Place the beef, lamb and chicken in a tall pot. Add the stock and bring to a boil. Reduce the heat until the liquid is very gently simmering (small bubbles should just break on the surface). Simmer, uncovered, 90 minutes, or until the meats are tender.
Using a slotted spoon, remove and set the pieces of beef, lamb and chicken on a baking sheet and cool to temperature. Cut meat into cubes and refrigerate until needed. Skim fat from the surface of the stock left in the pot (see Note).
Measure stock in the pot; you should have 6 cups. If not, top it up with water until your reach that volume.
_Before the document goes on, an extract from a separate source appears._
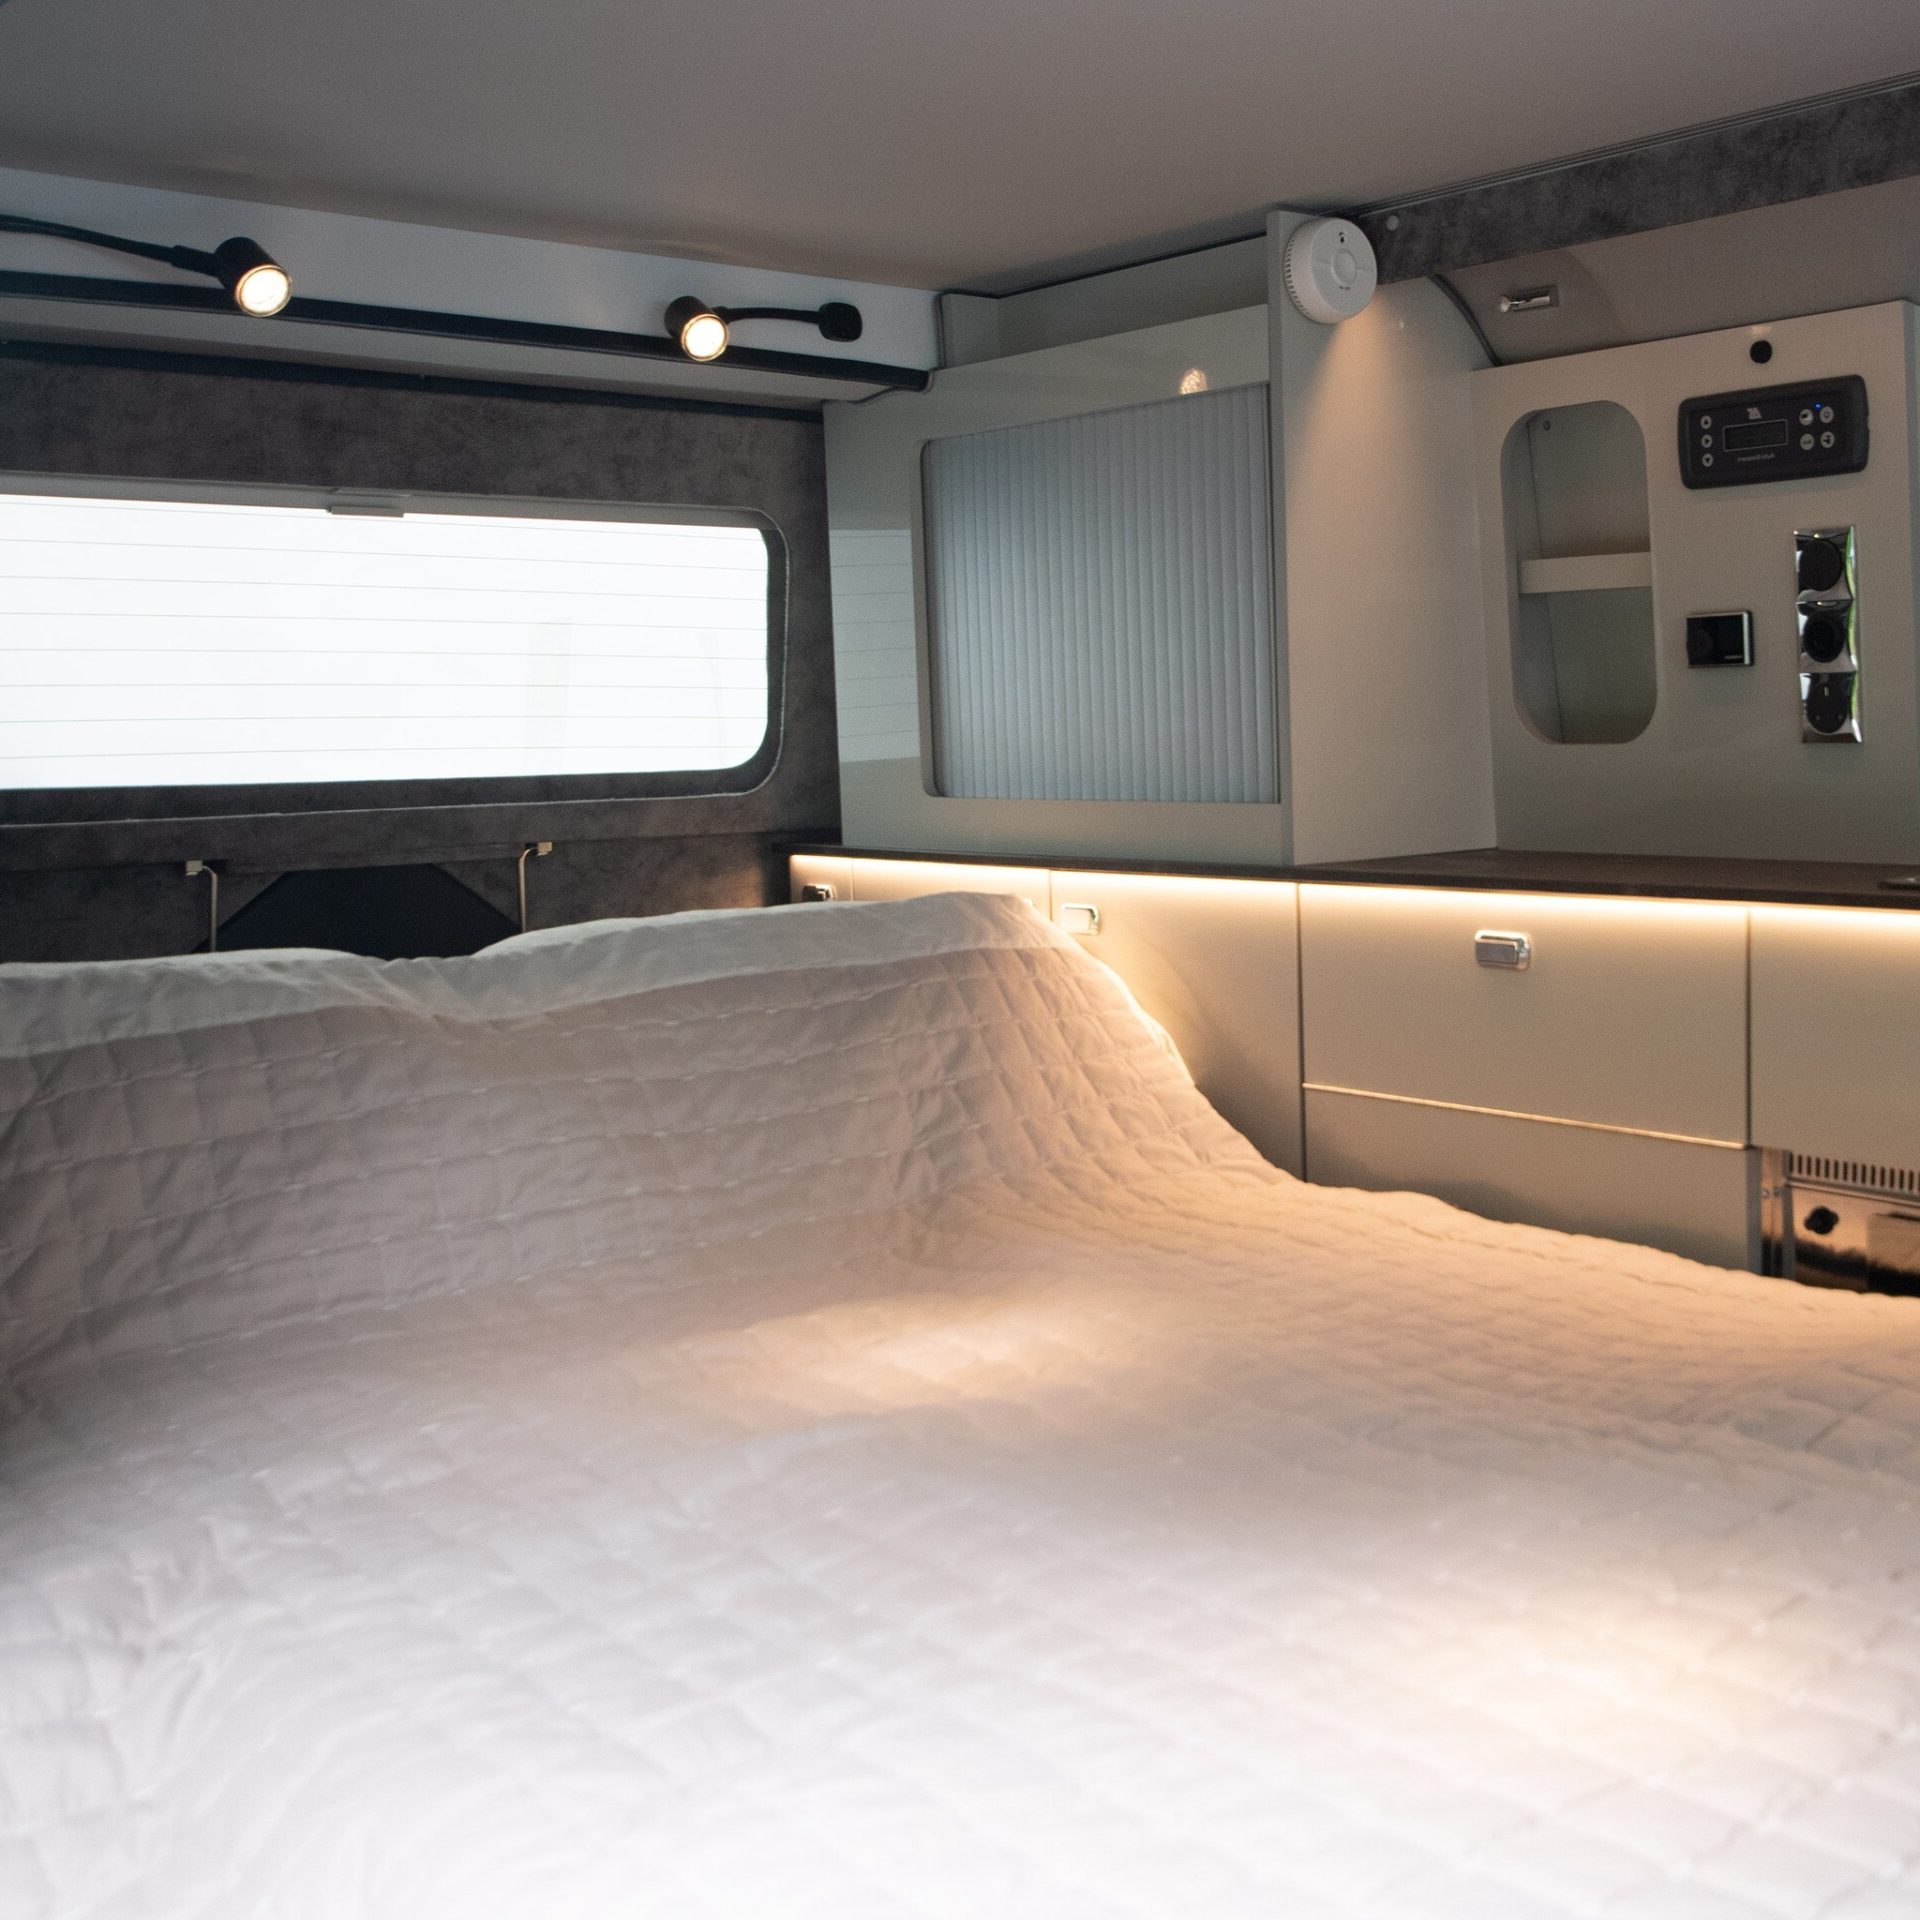 Удостоенный наград Ford Transit Campervan — это все, что нужно современному кочевнику, но есть одна загвоздка

Heat the oil in a large, wide pot or Dutch oven set over medium heat. Add the celery, carrot, bell pepper, onion and garlic and cook until softened, about 5 minutes. Mix in the stock, cubed meat and all remaining ingredients, except parsley. Bring to a gently simmer and cook 30 minutes. Season to taste with salt and pepper. Stir in the parsley and serve.
Note: If time allows, you could simmer the meats in the stock the day before finishing off the burgoo. Once lifted out of the stock and cooled to temperature, keep the meat and stock refrigerated until needed. Once the stock is chilled, it will be easier to lift off the solidified fat from its surface.